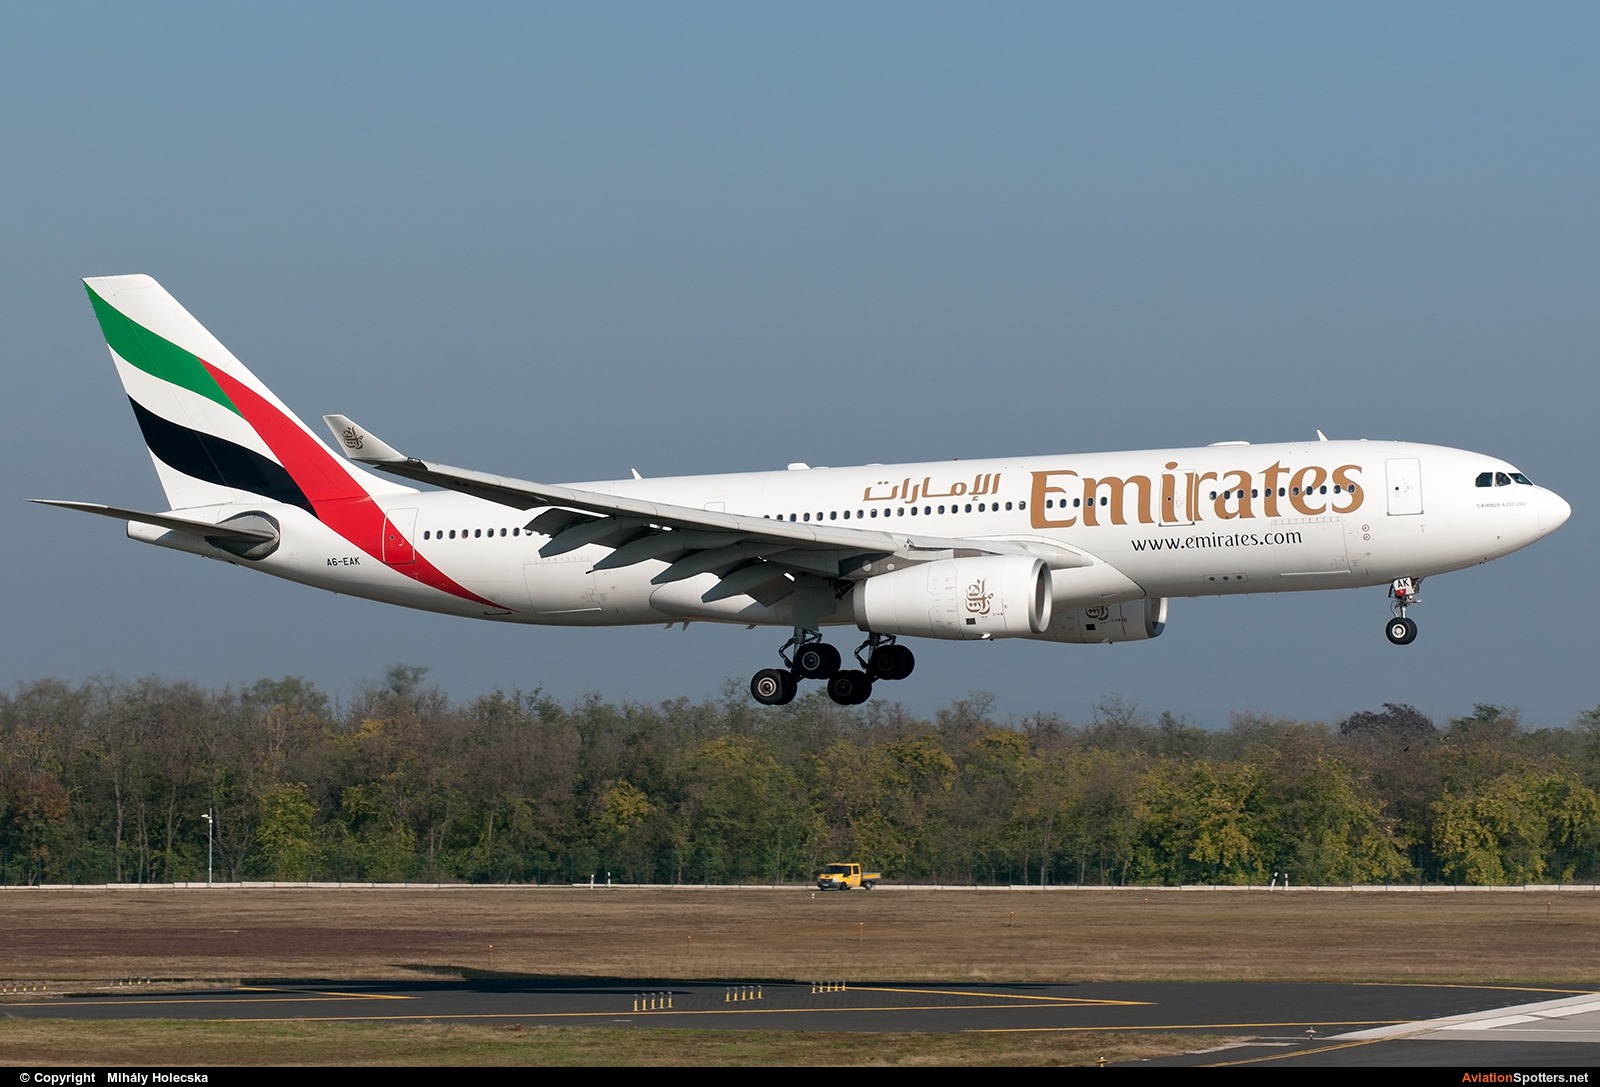 Emirates Airlines  -  A330-200  (A6-EAK) By Mihály Holecska (Misixx)
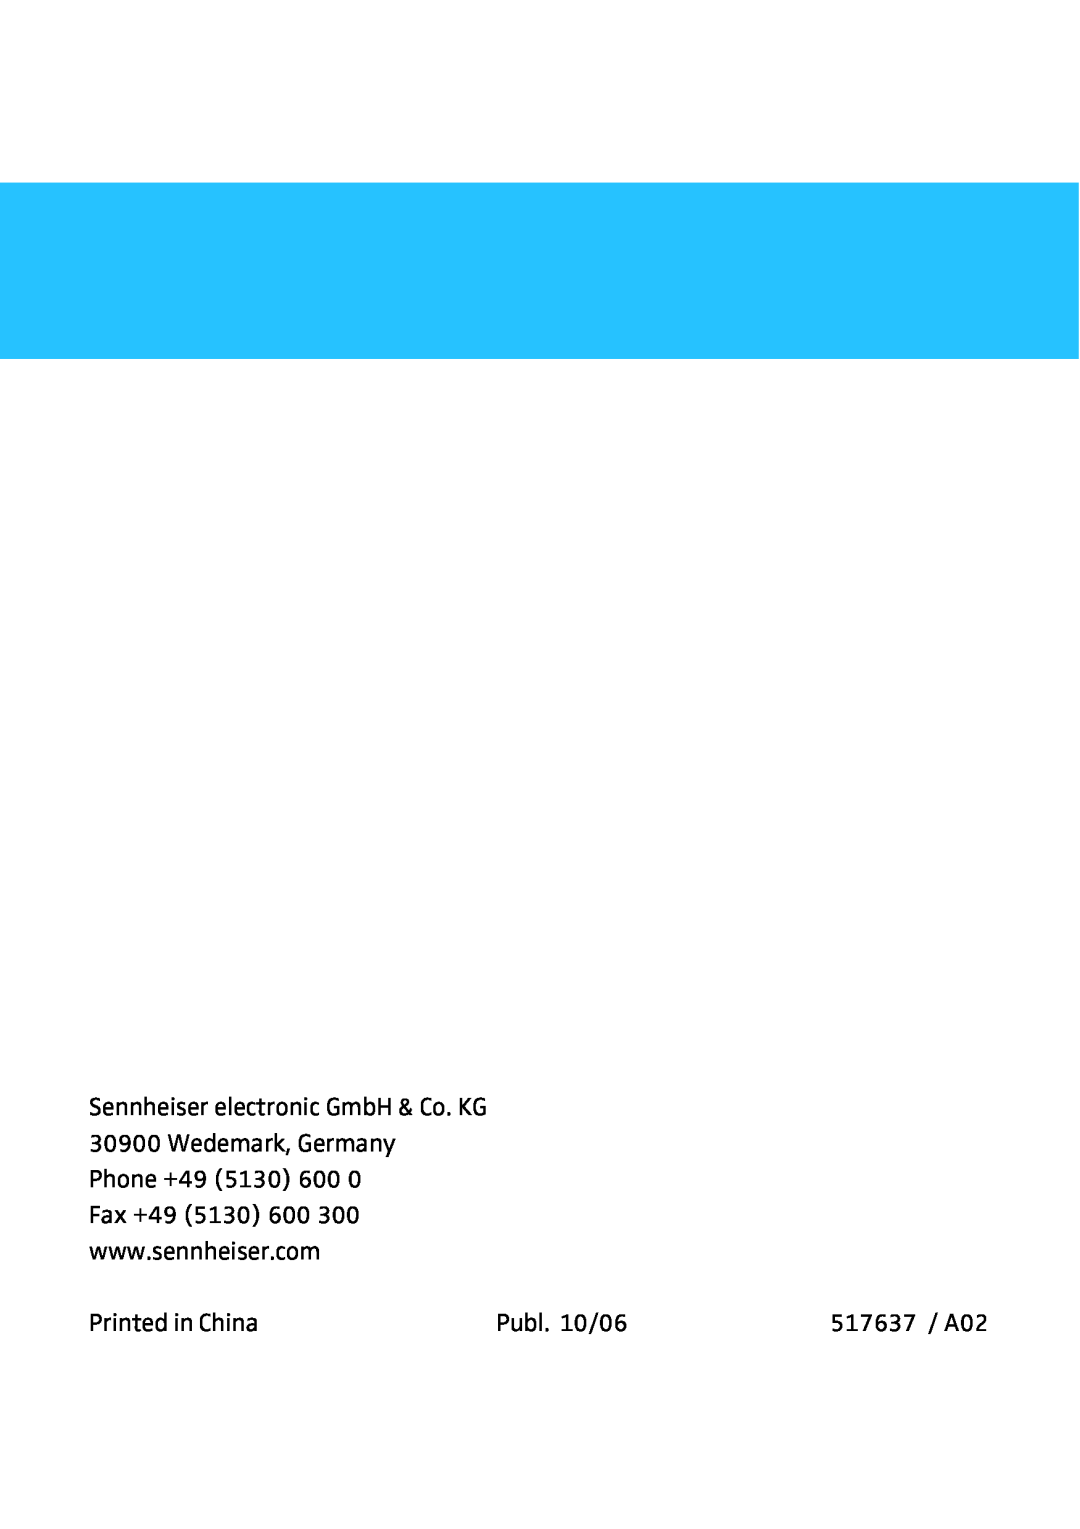 Sennheiser IS410 manual Publ. 10/06, 517637 / A02 
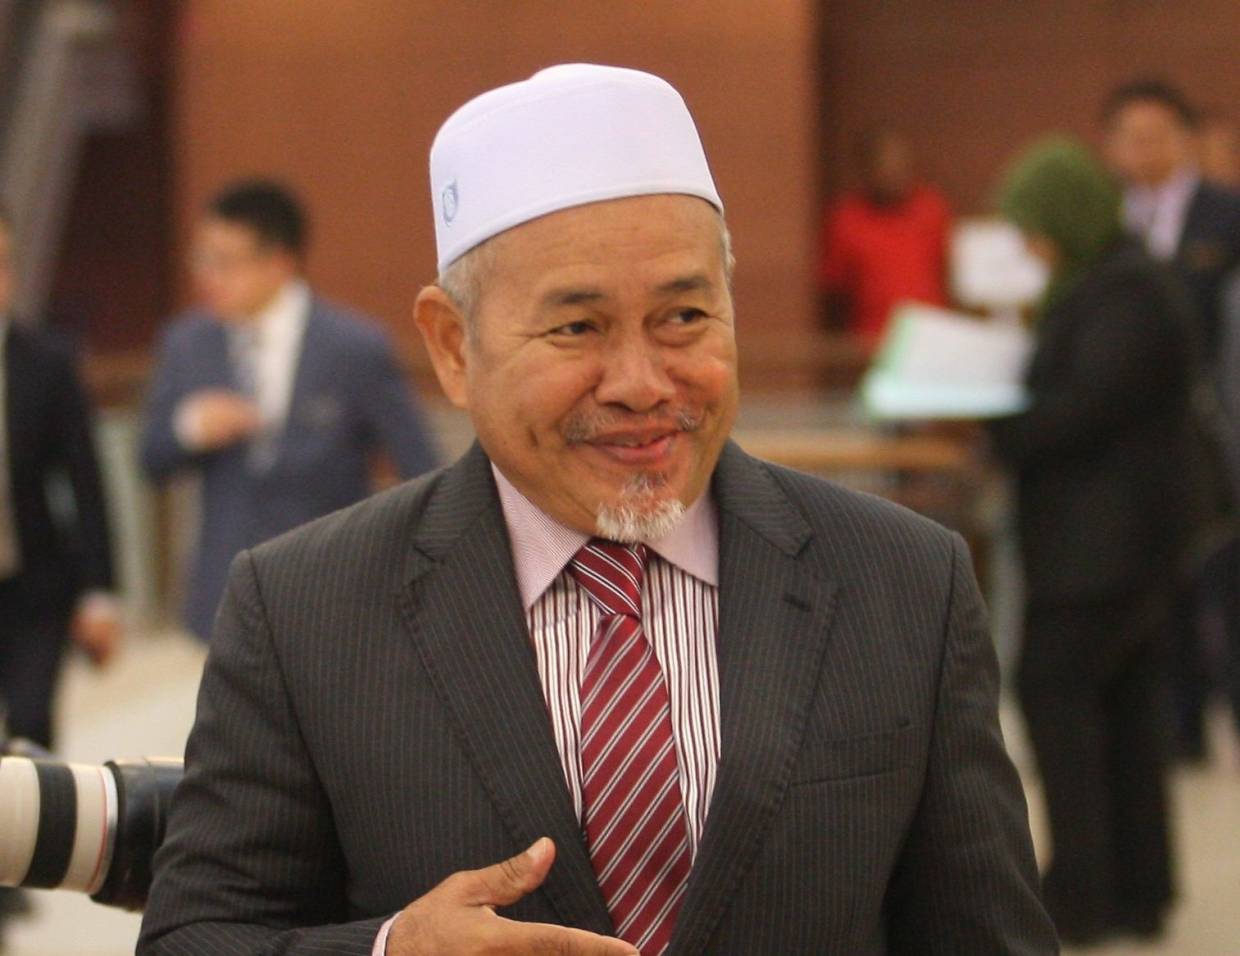 PAS sokong Ismail Sabri sebagai PM baharu
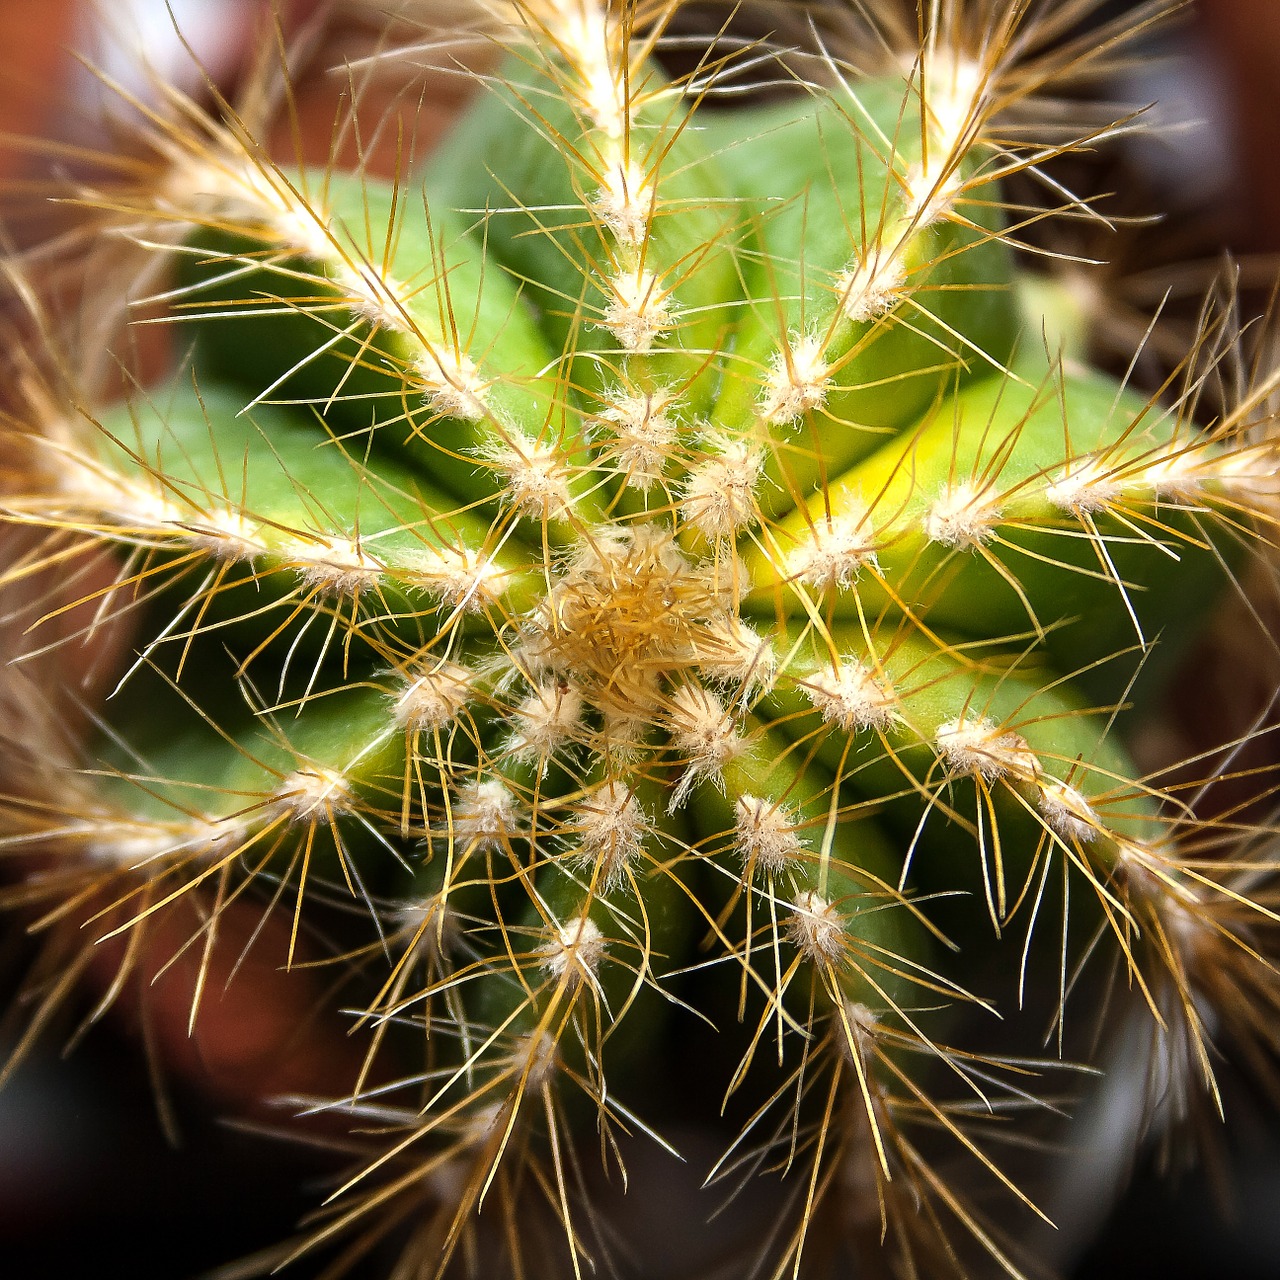 cactus crown cactus plant free photo
+===+
• [AIM OF THE EXERCISE]: Pictures are not part of the copy; transcribe the rest of the data verbatim.

• [RESULT]:
 Emirates Airlines  -  A330-200  (A6-EAK) By Mihály Holecska (Misixx)
 Sennheiser IS410 manual Publ. 10/06, 517637 / A02 
 PAS sokong Ismail Sabri sebagai PM baharu
 cactus crown cactus plant free photo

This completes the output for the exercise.